# TASK PROMPT
Omit all pictures, then retype exactly the lines from the one that contains "軽トラック Nissan クリッパーのキレイなキッチンカー" through the end of the listing.

# PROVIDED DATA
◆ ◆ ◆ ◆ ◆ ◆ ◆

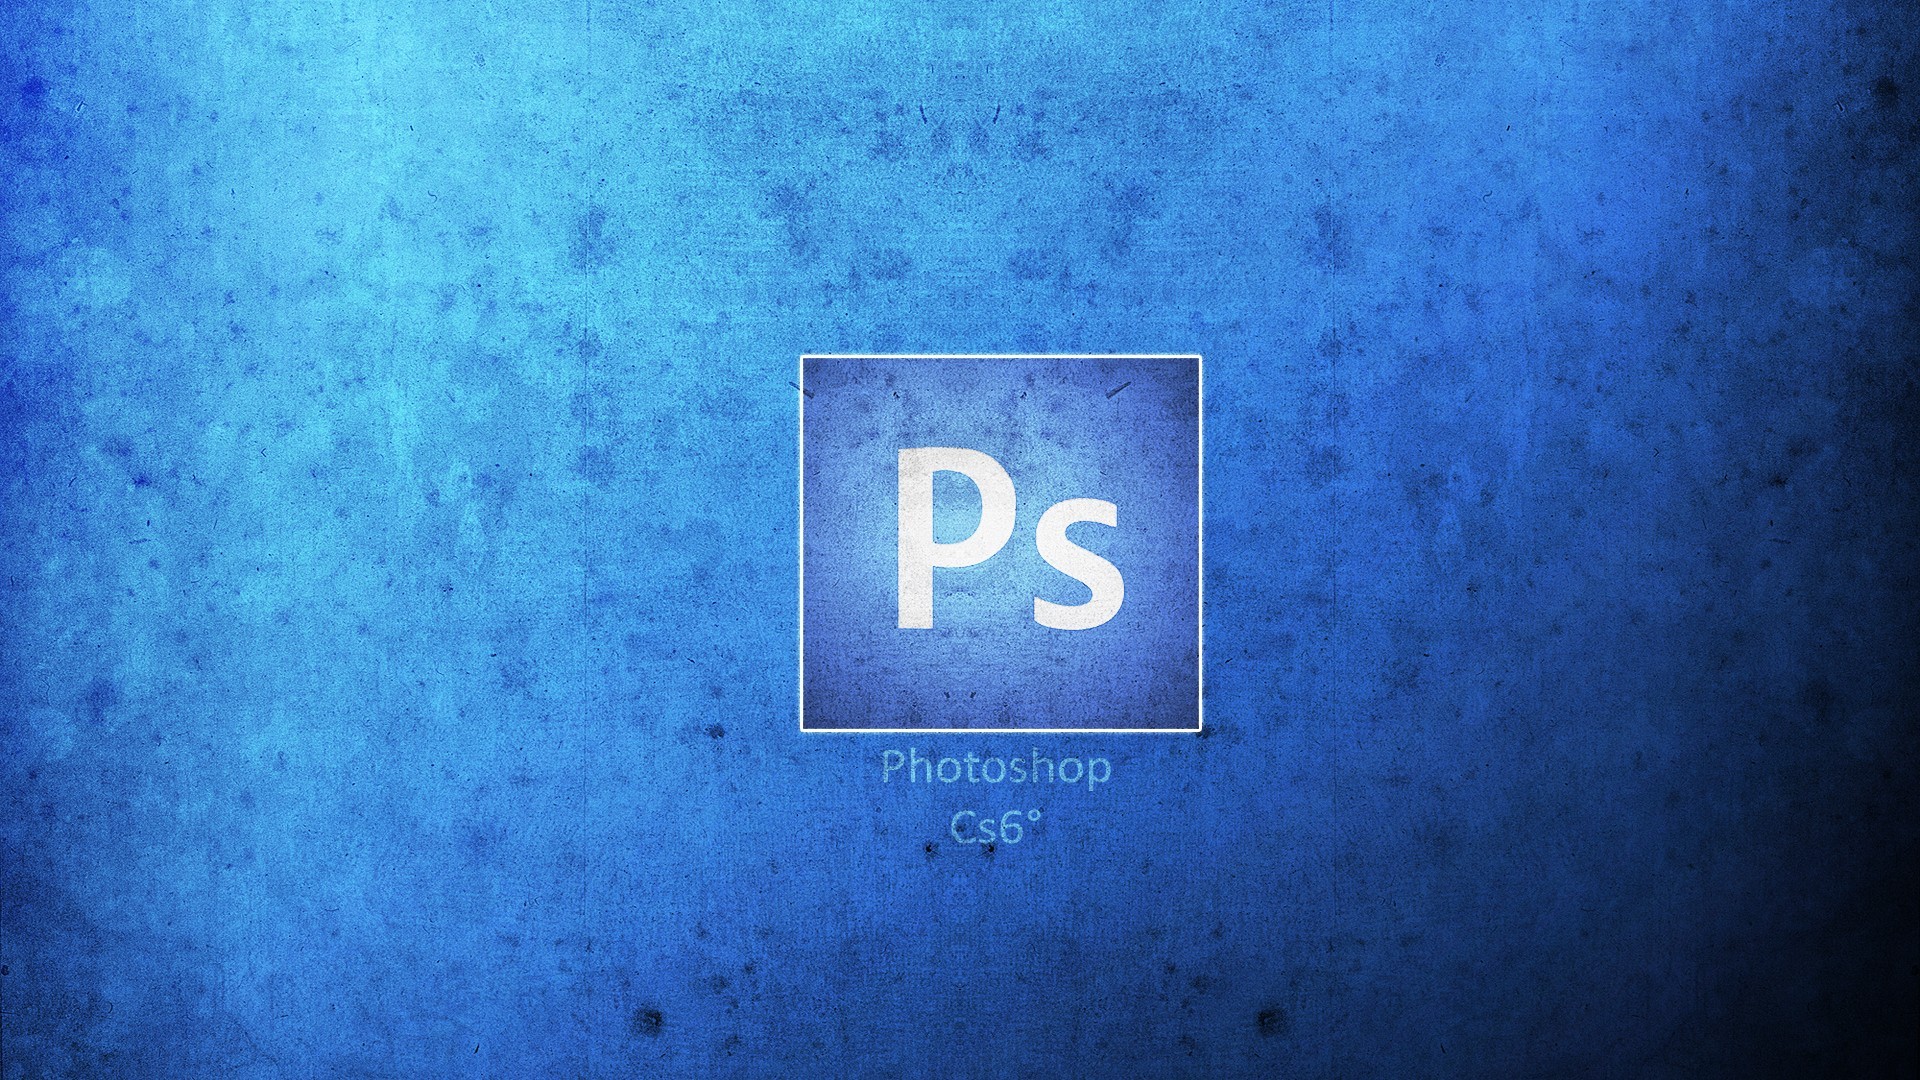 General 1920x1080 minimalism photoshopped logo blue background blue Software
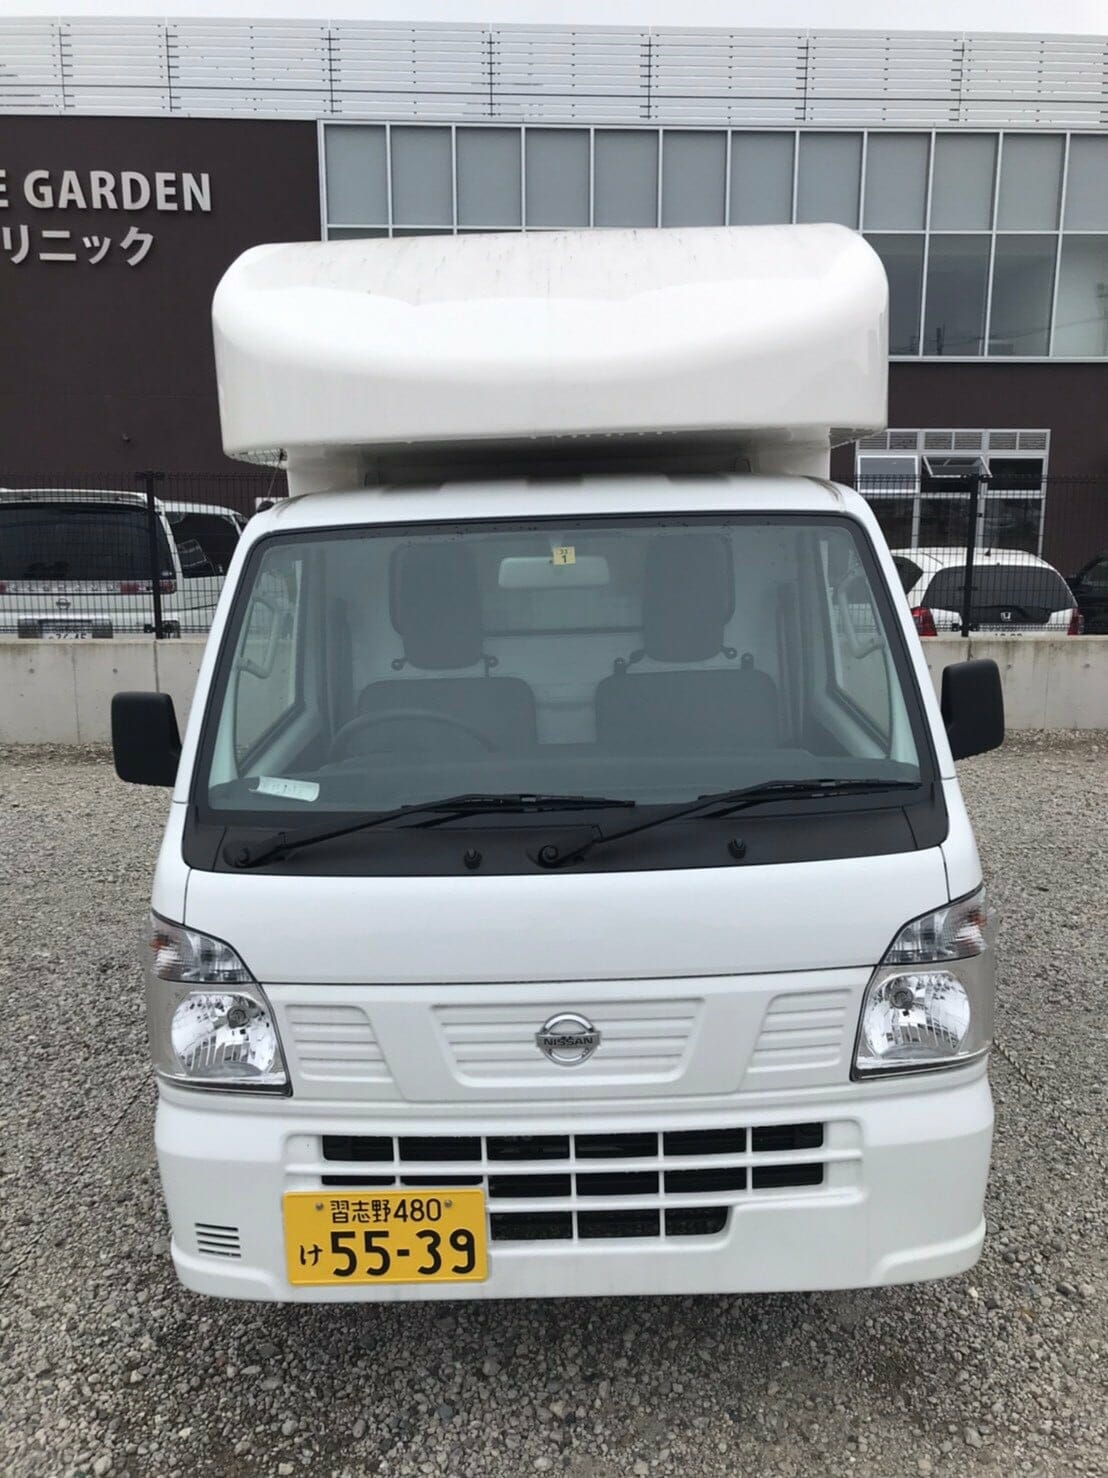 軽トラック Nissan クリッパーのキレイなキッチンカー 移動販売車 キッチンカー の製作 フードトラックカンパニー 公式
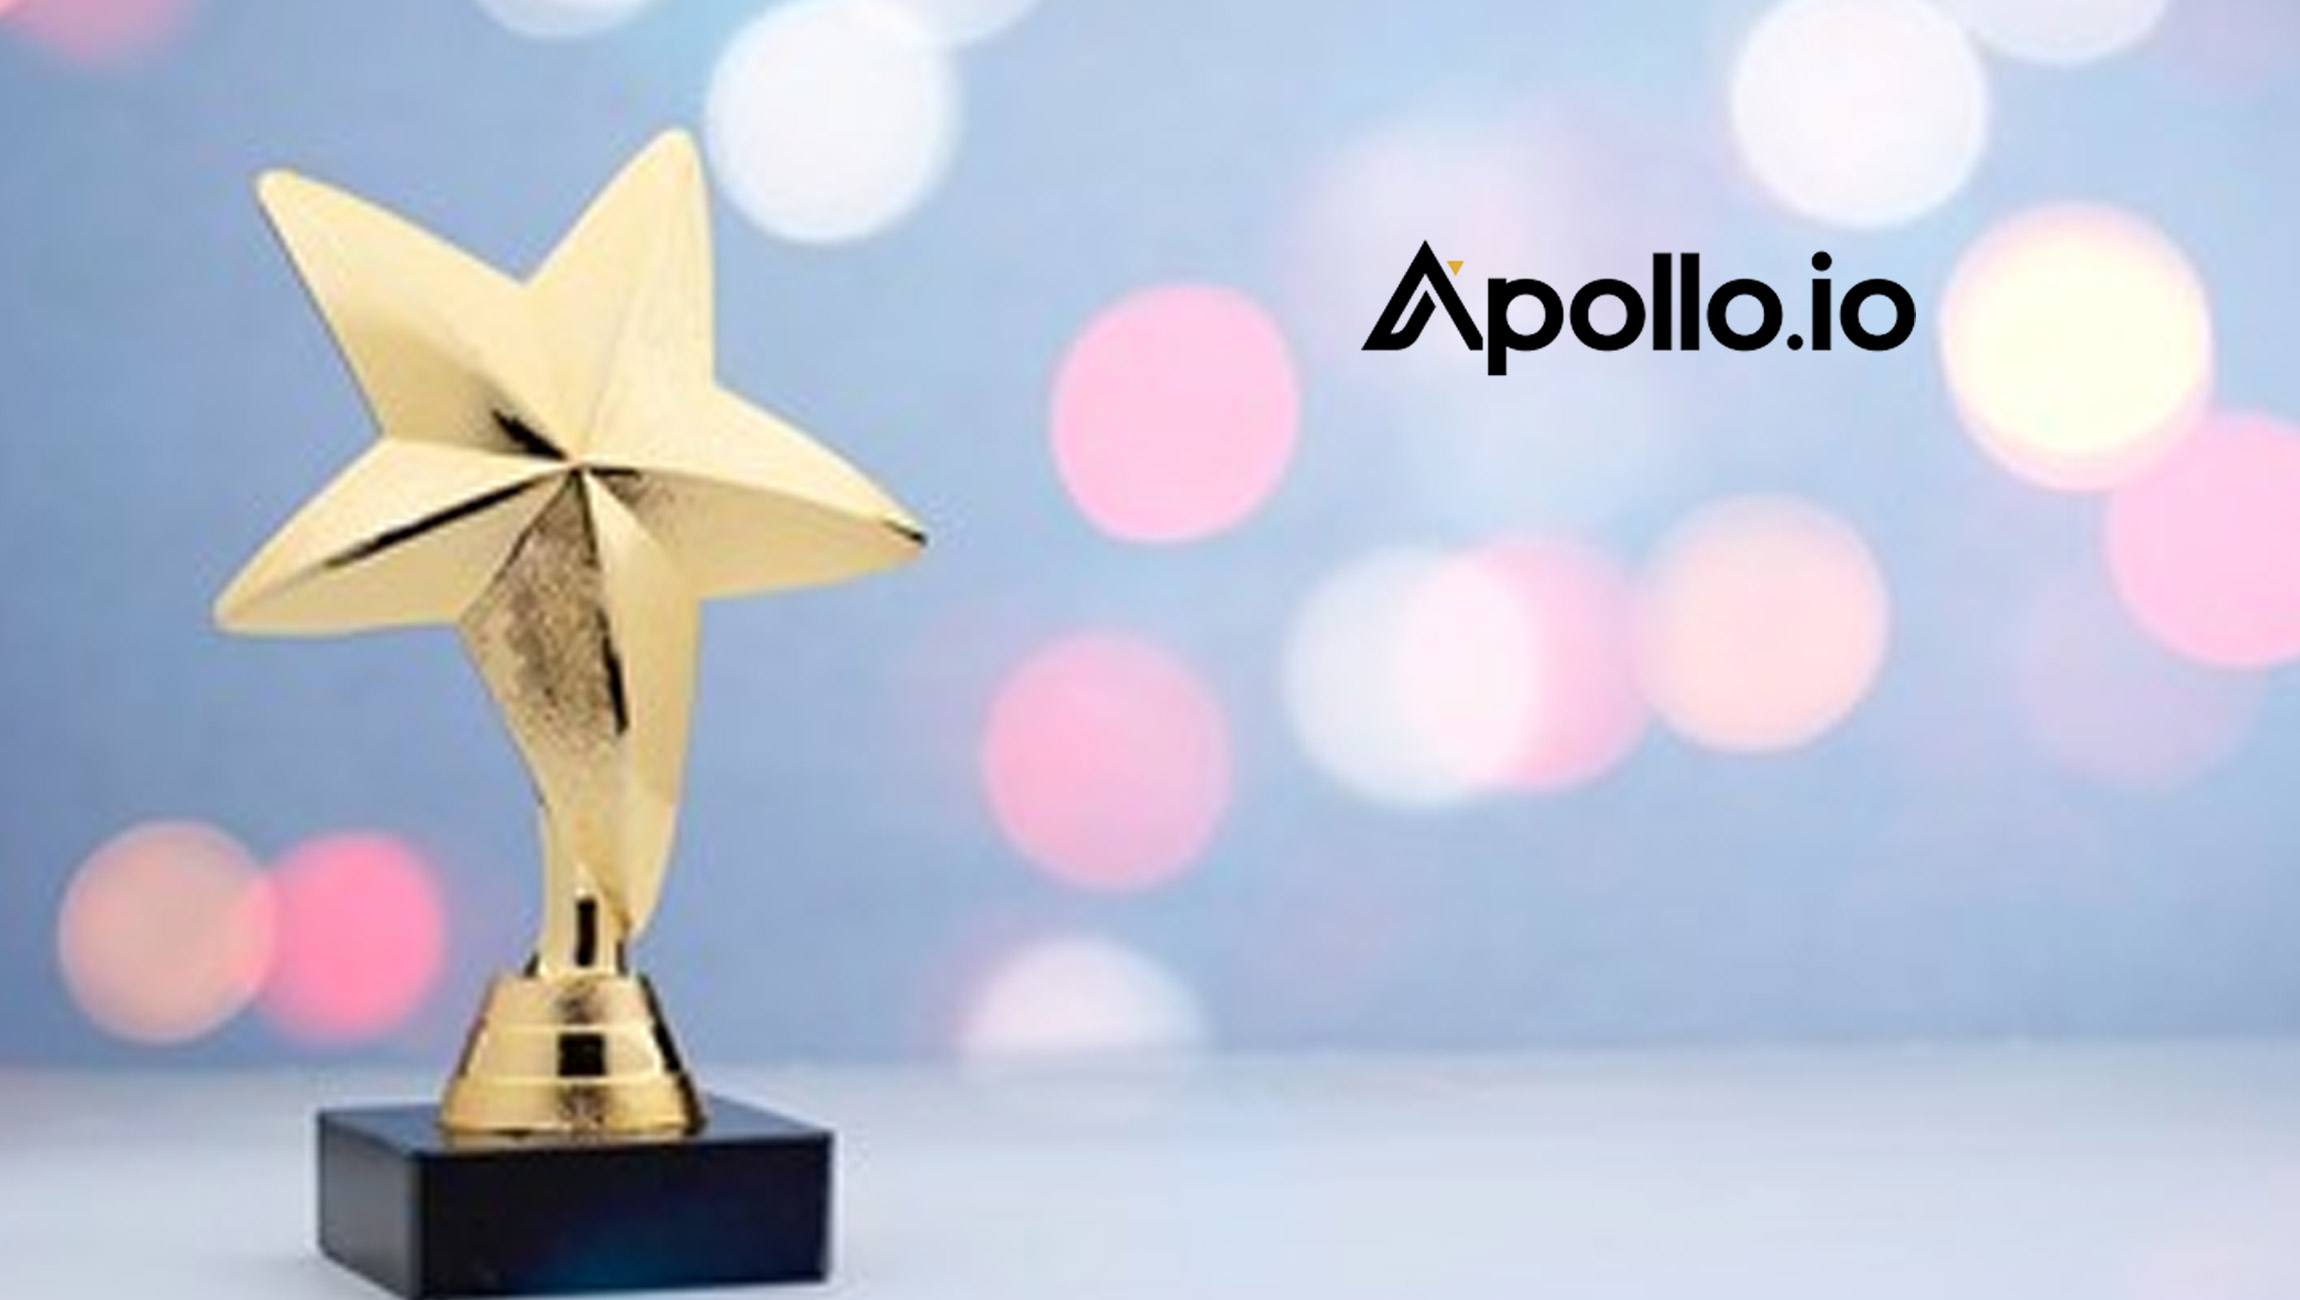 Apollo.io Brings Home the Gold in the 14th Annual 2022 Golden Bridge Awards

◆ ◆ ◆ ◆ ◆ ◆ ◆

# RESPONSE TO THE EXERCISE
 軽トラック Nissan クリッパーのキレイなキッチンカー 移動販売車 キッチンカー の製作 フードトラックカンパニー 公式
 Apollo.io Brings Home the Gold in the 14th Annual 2022 Golden Bridge Awards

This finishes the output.